Data shown:
—————

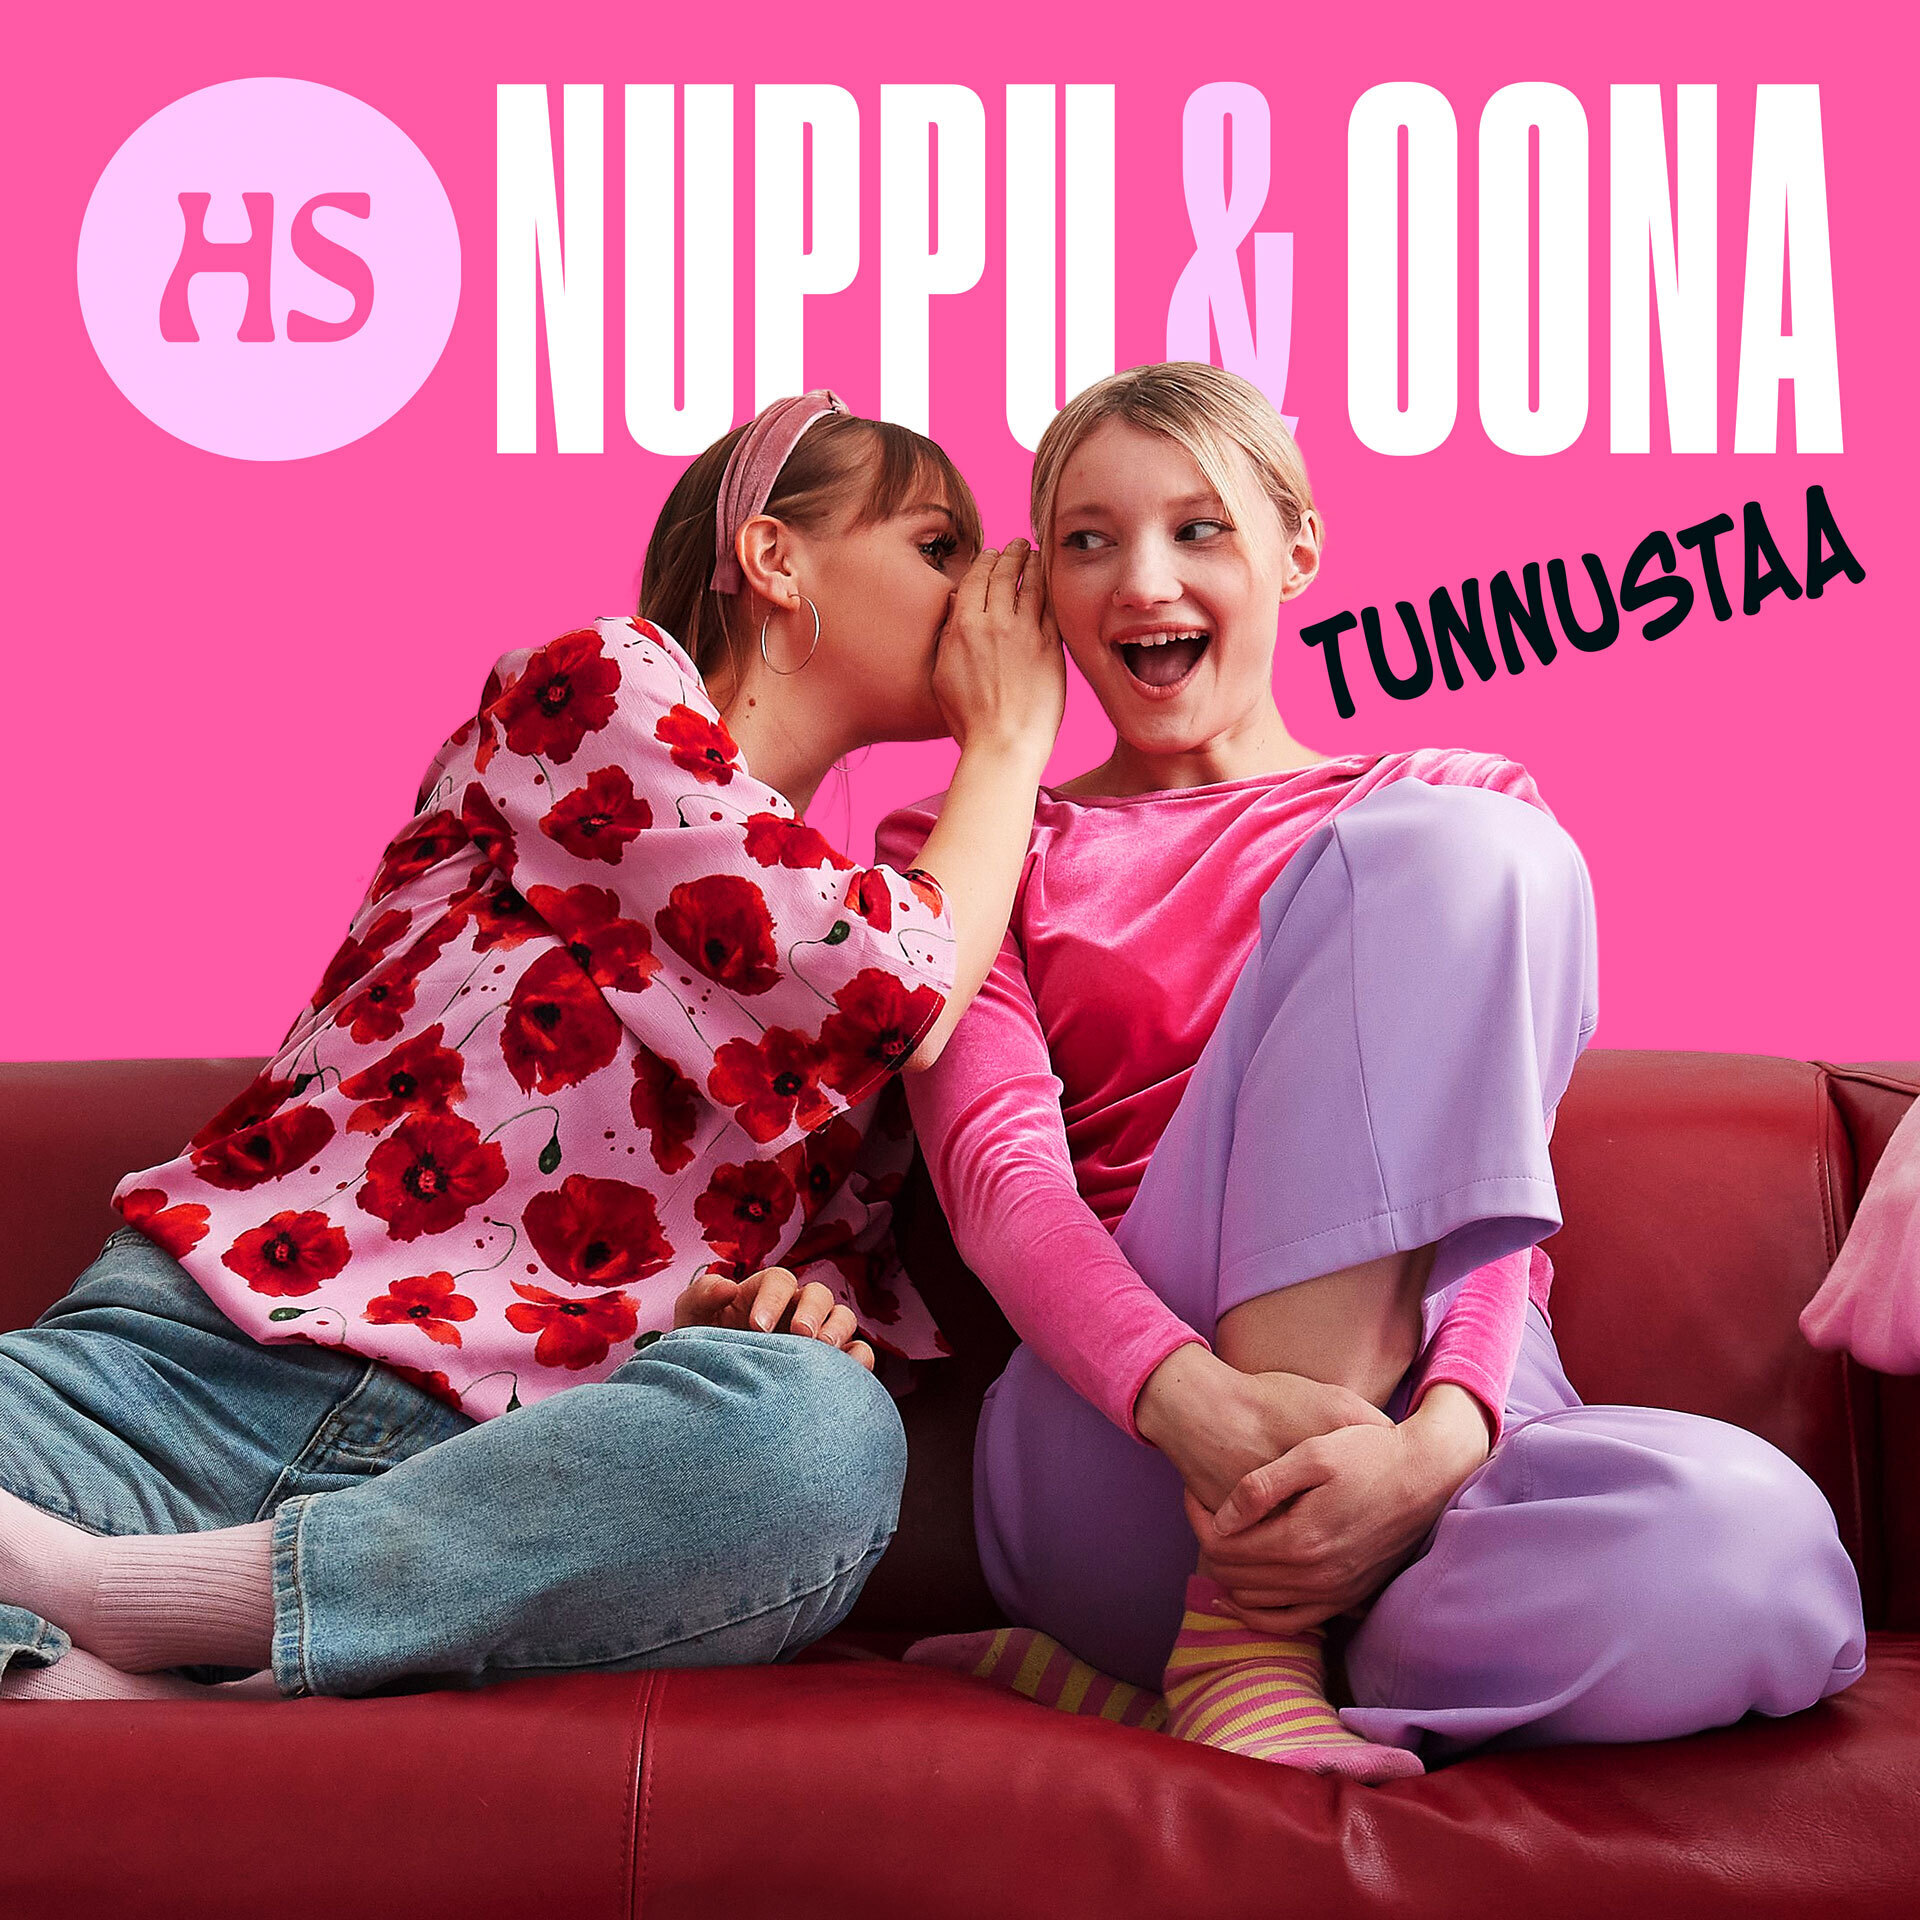 Nuppu ja Oona tunnustaa - podcast
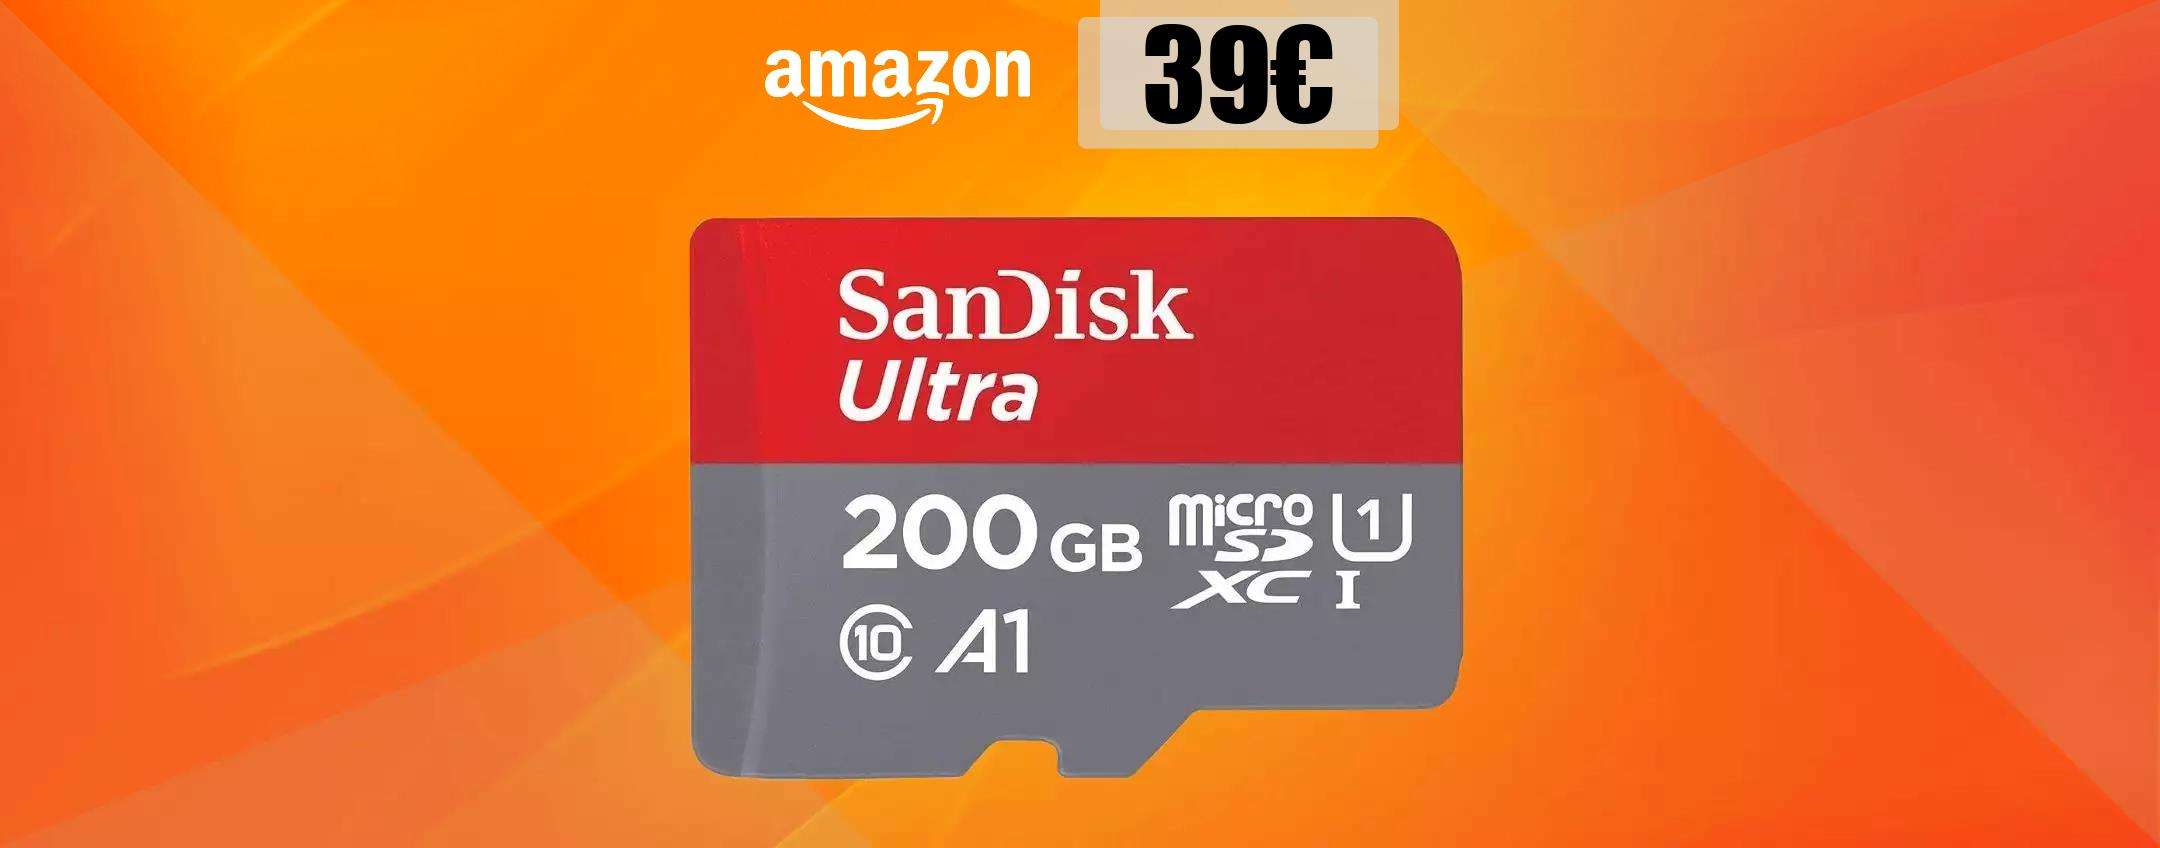 MicroSD 200GB Sandisk, tanta memoria e velocità al top: bastano 39€
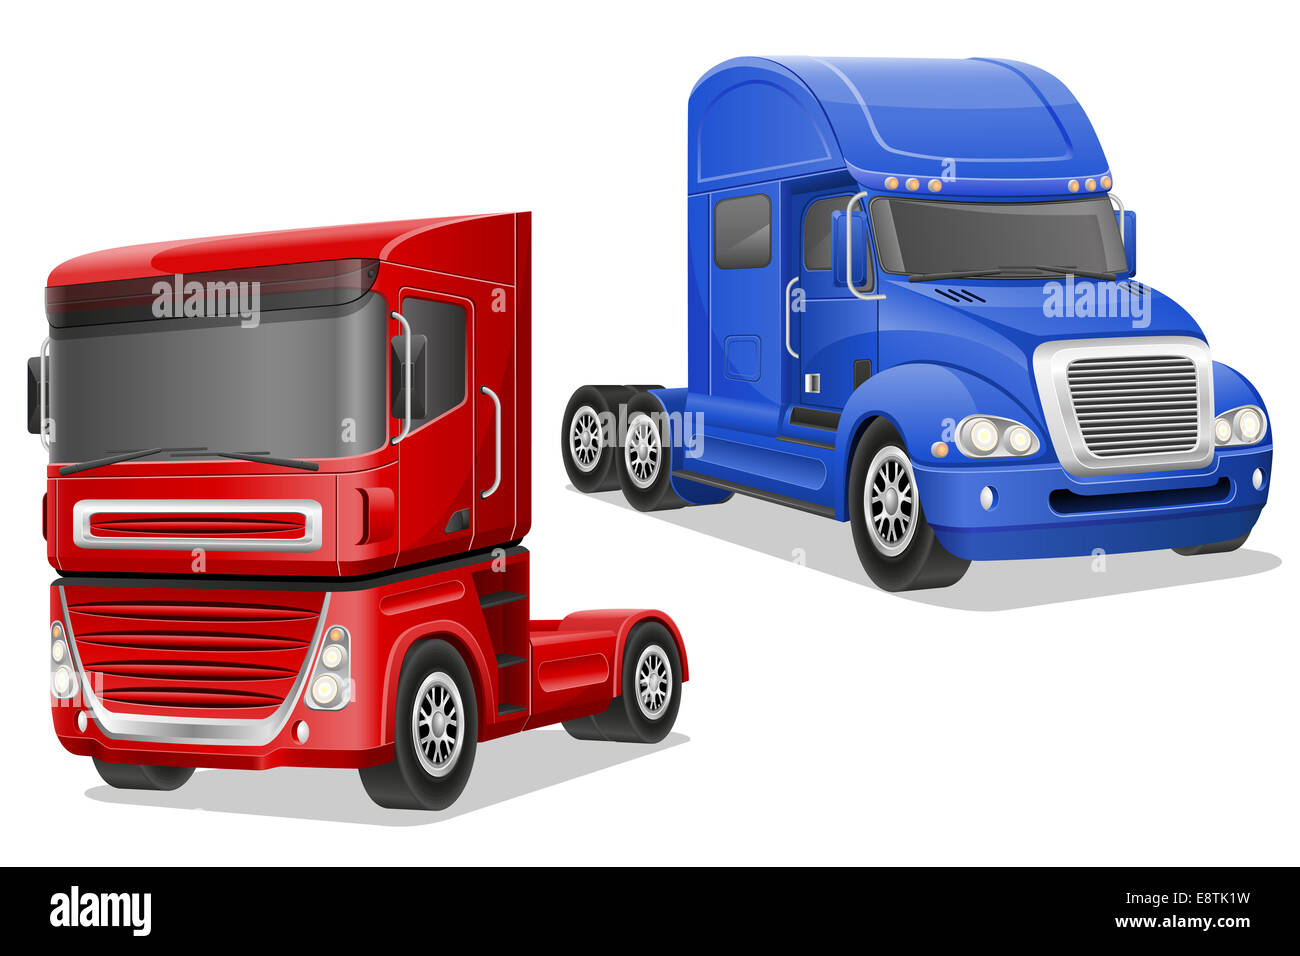 Grand bleu et rouge camions illustration isolé sur fond blanc Banque D'Images
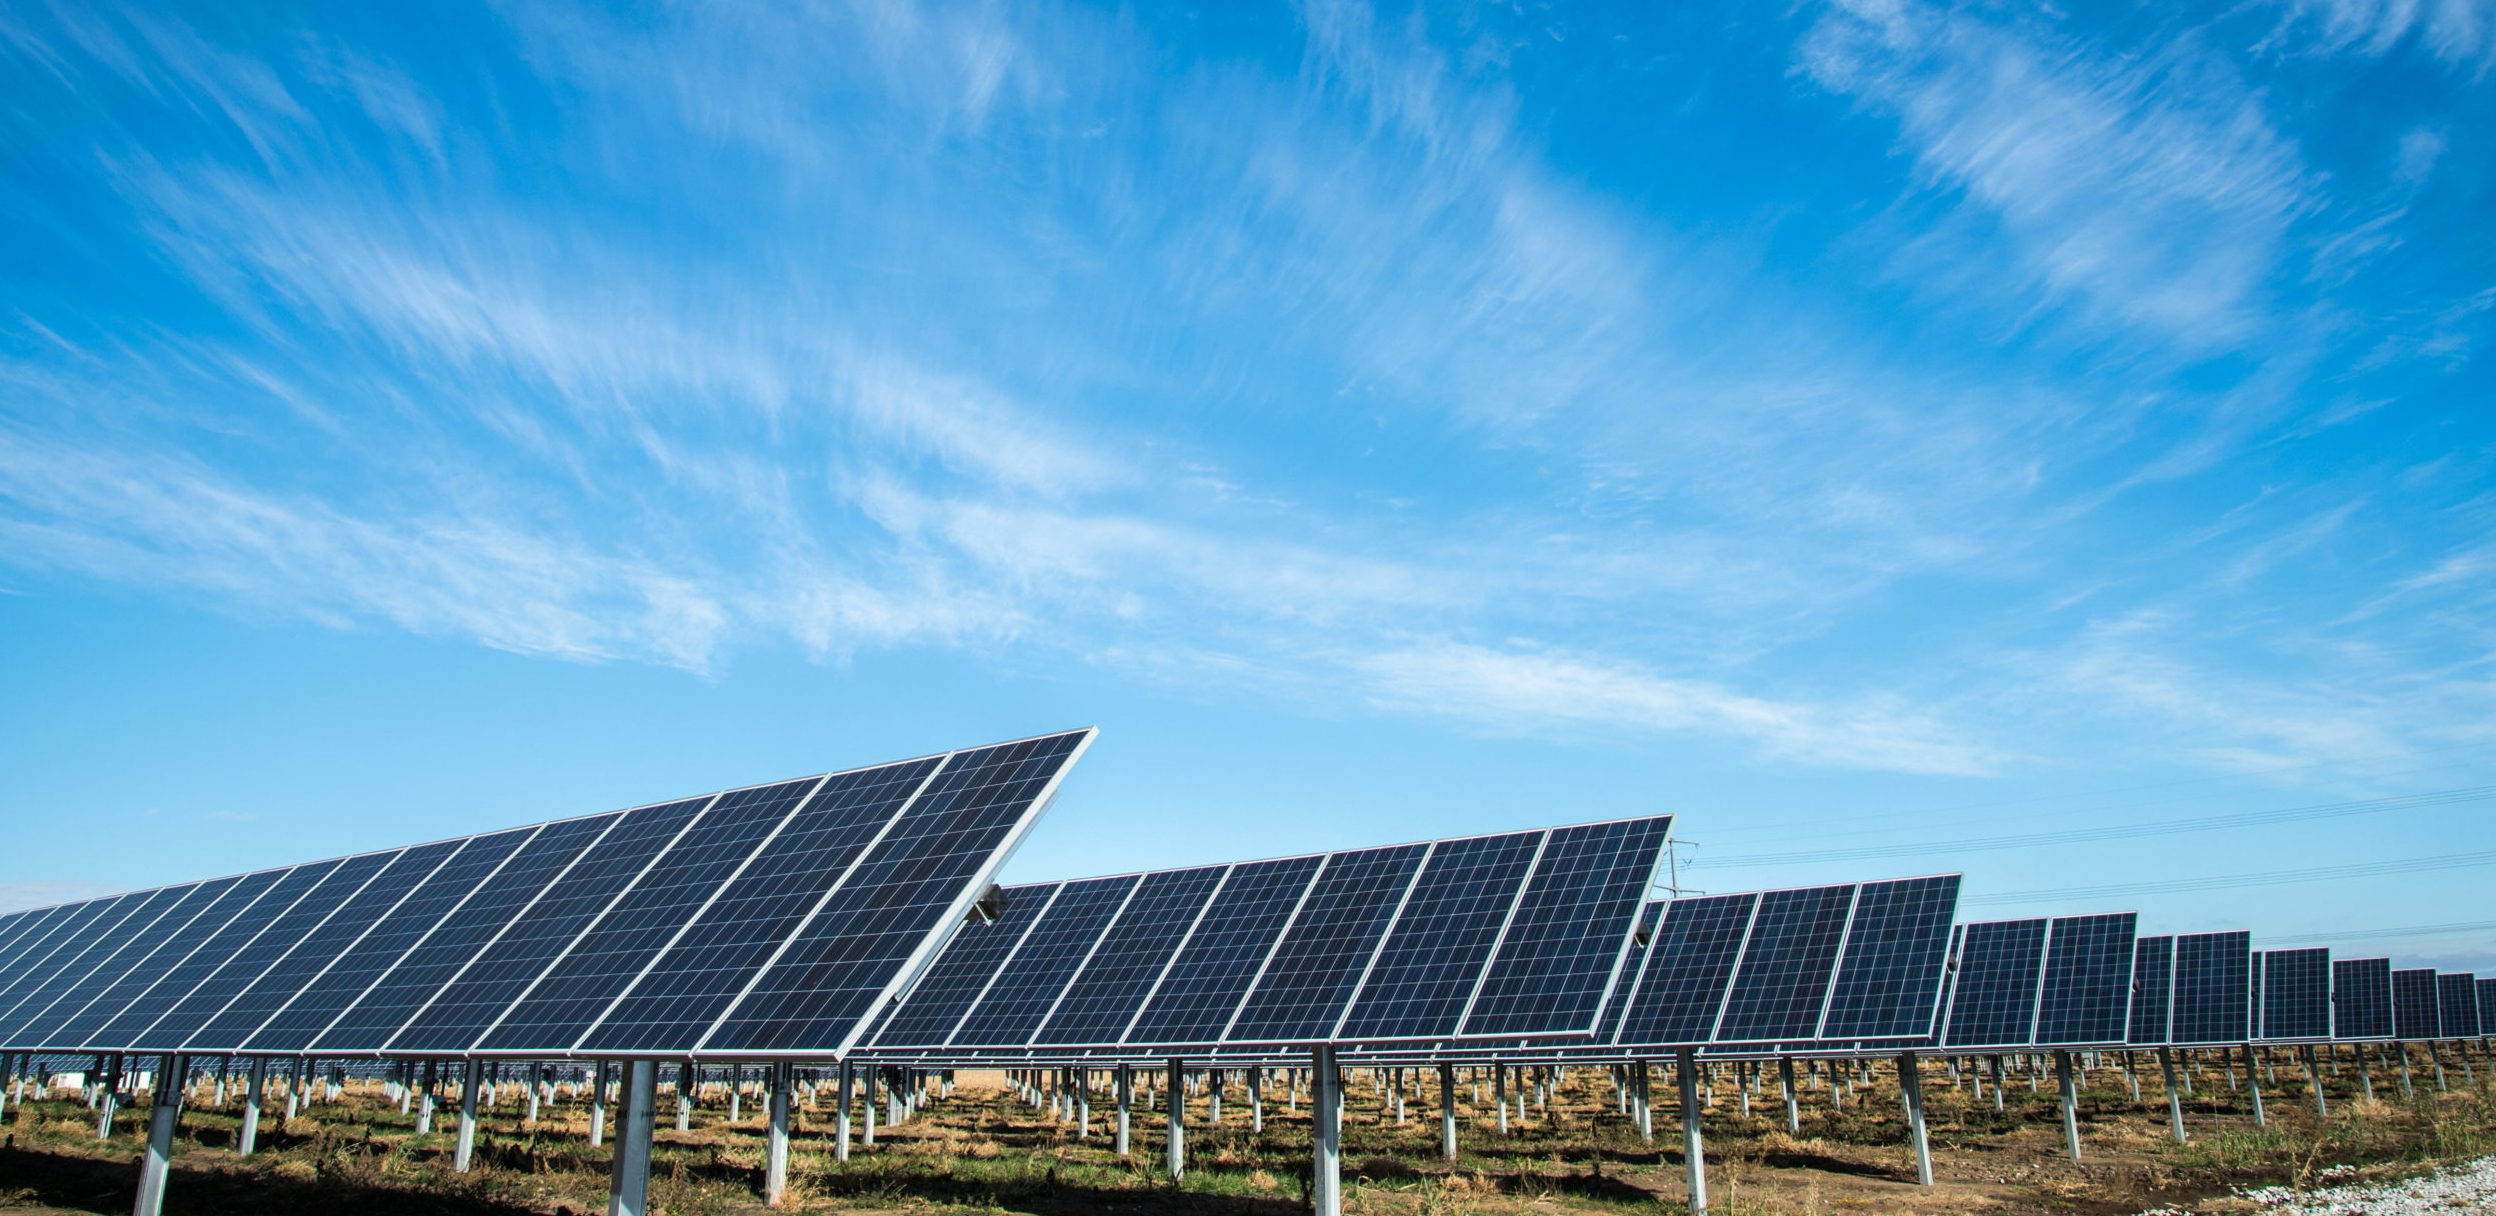 Türkiye’nin güneş enerjisinde kurulu gücü yaklaşık 8 bin megavata ulaştı

—————

Problem requirements: Your answer should copy the listing word for word, with no pictures in it.

Response area:
 Nuppu ja Oona tunnustaa - podcast
 MicroSD 200GB Sandisk, tanta memoria e velocità al top: bastano 39€
 Grand bleu et rouge camions illustration isolé sur fond blanc Banque D'Images
 Türkiye’nin güneş enerjisinde kurulu gücü yaklaşık 8 bin megavata ulaştı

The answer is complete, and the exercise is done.